Personalized ViscoElastic Testing-guided Bleeding Management In Liver Surgery, Neurosurgery and Obstetrics

Recruiting

• Conditions: Thrombelastography; Liver Transplant; Postpartum Hemorrhage; Bleeding Disorder; Intracranial Hemorrhages
• Interventions: Diagnostic Test: Viscoelastic testing

• Registration Number: NCT06635564
• Lead Sponsor: Medical University of Vienna

Brief Summary

The ClotPro analyzer is a new generation viscoelastic analyzer for the in vitro assessment of blood coagulation.

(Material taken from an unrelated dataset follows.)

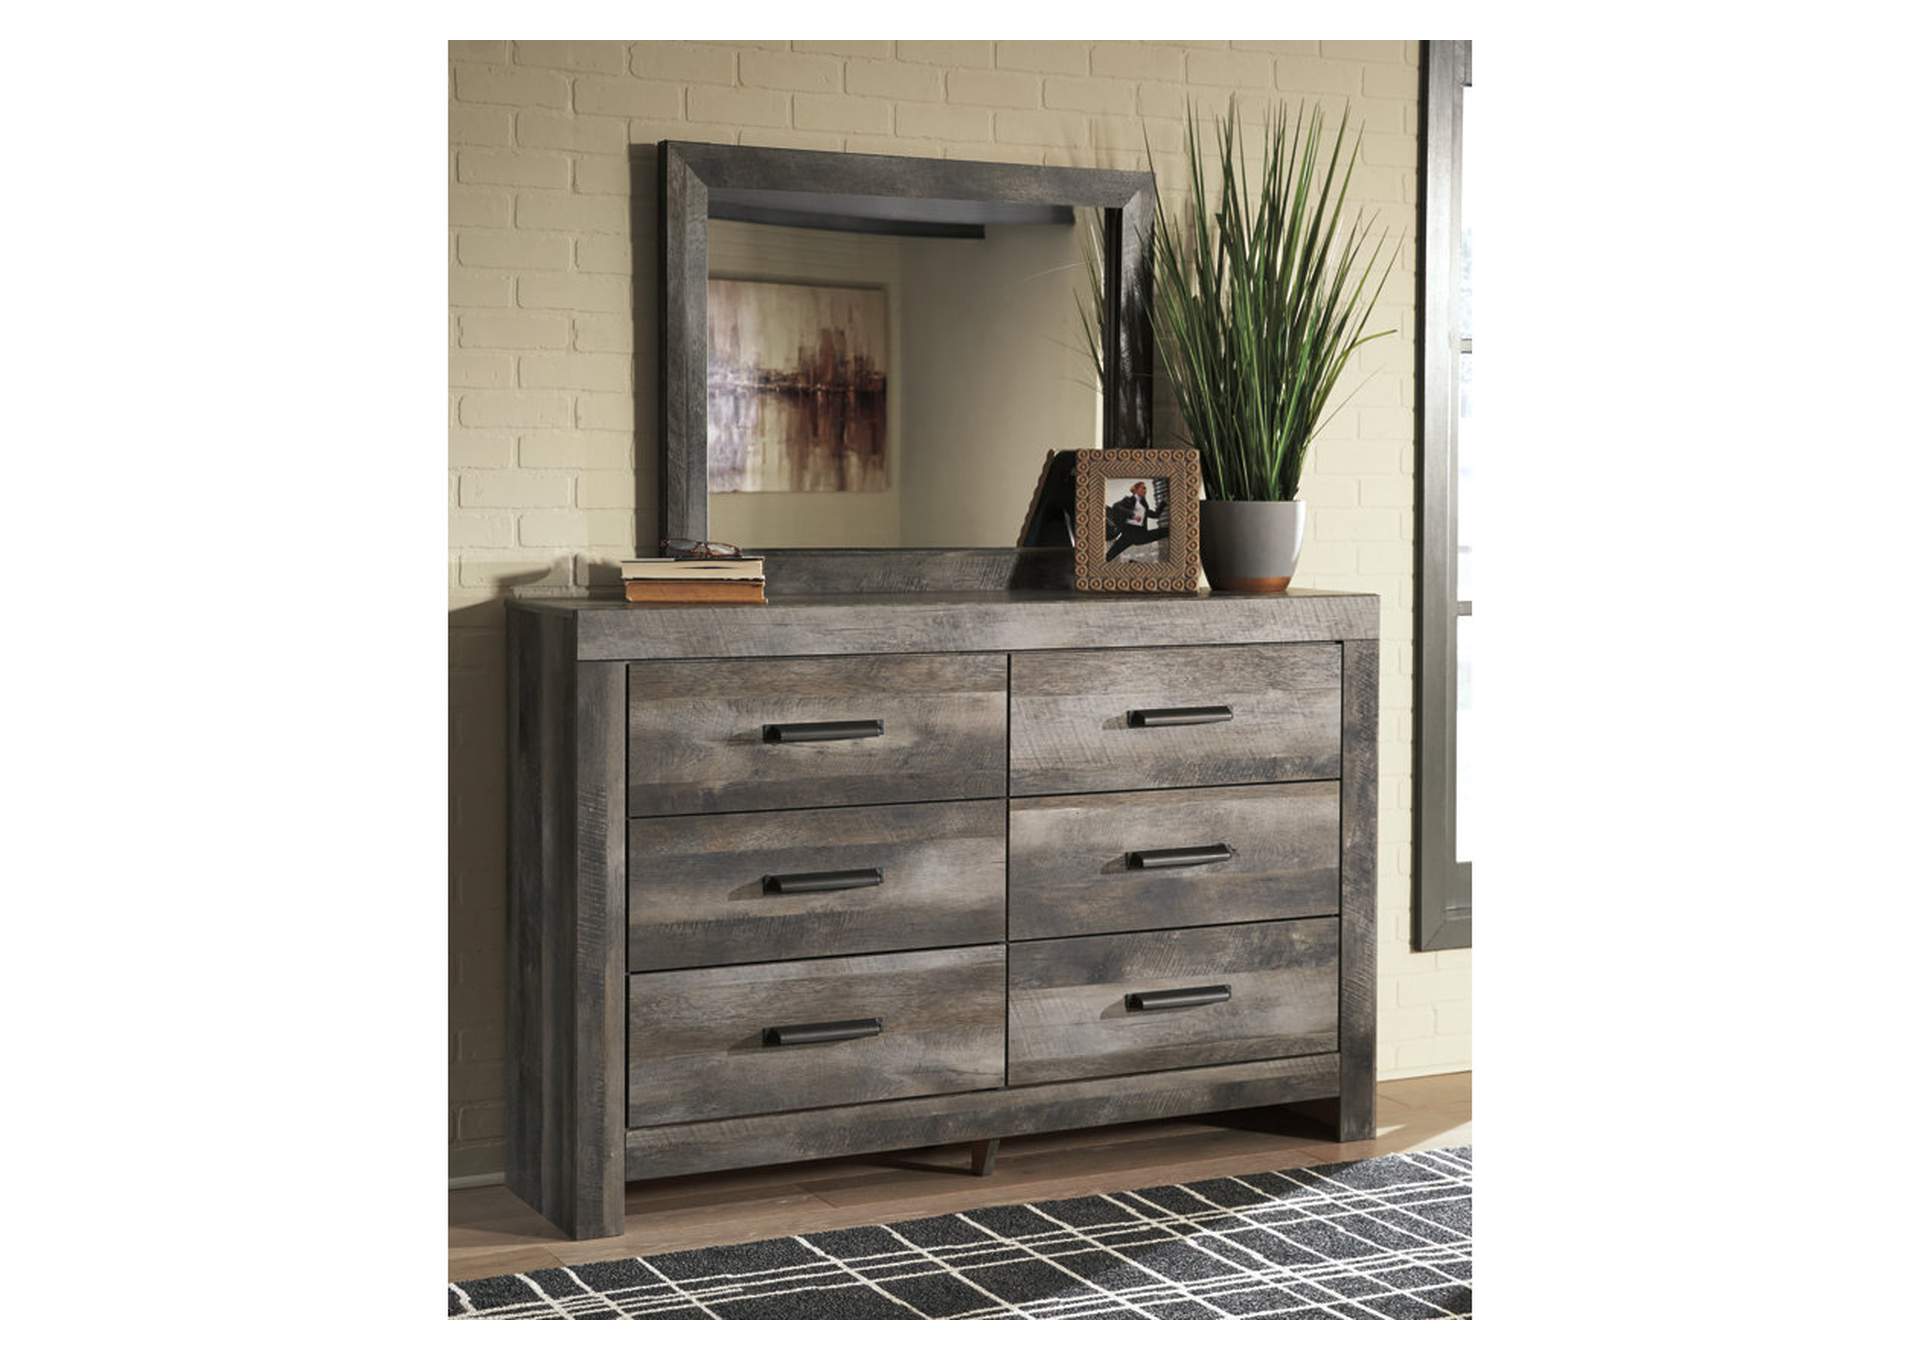 Wynnlow King Crossbuck Panel Bed with Mirrored Dresser, Chest and Nightstand,Signature Design By Ashley

This study aims to assess the agreement of ClotPro 6.0, ROTEM delta, and TEG 6s in three distinct cohorts: i) patients with liver disease undergoing liver surgery, ii) pregnant women undergoing elective cesarean section, and iii) patients undergoing elective intracranial neurosurgery. Further coagulation tests will be performed (standard laboratory coagulation tests, thrombin and plasmin generation tests) in an exploratory fashion to compare them with viscoelastic test results. The obtained test results will not result in any diagnostic or therapeutic consequences for patients included in this study.

Detailed Description

The primary research question is therefore to compare various parameters of standard ClotPro measurements with corresponding ROTEM delta and TEG 6s parameters.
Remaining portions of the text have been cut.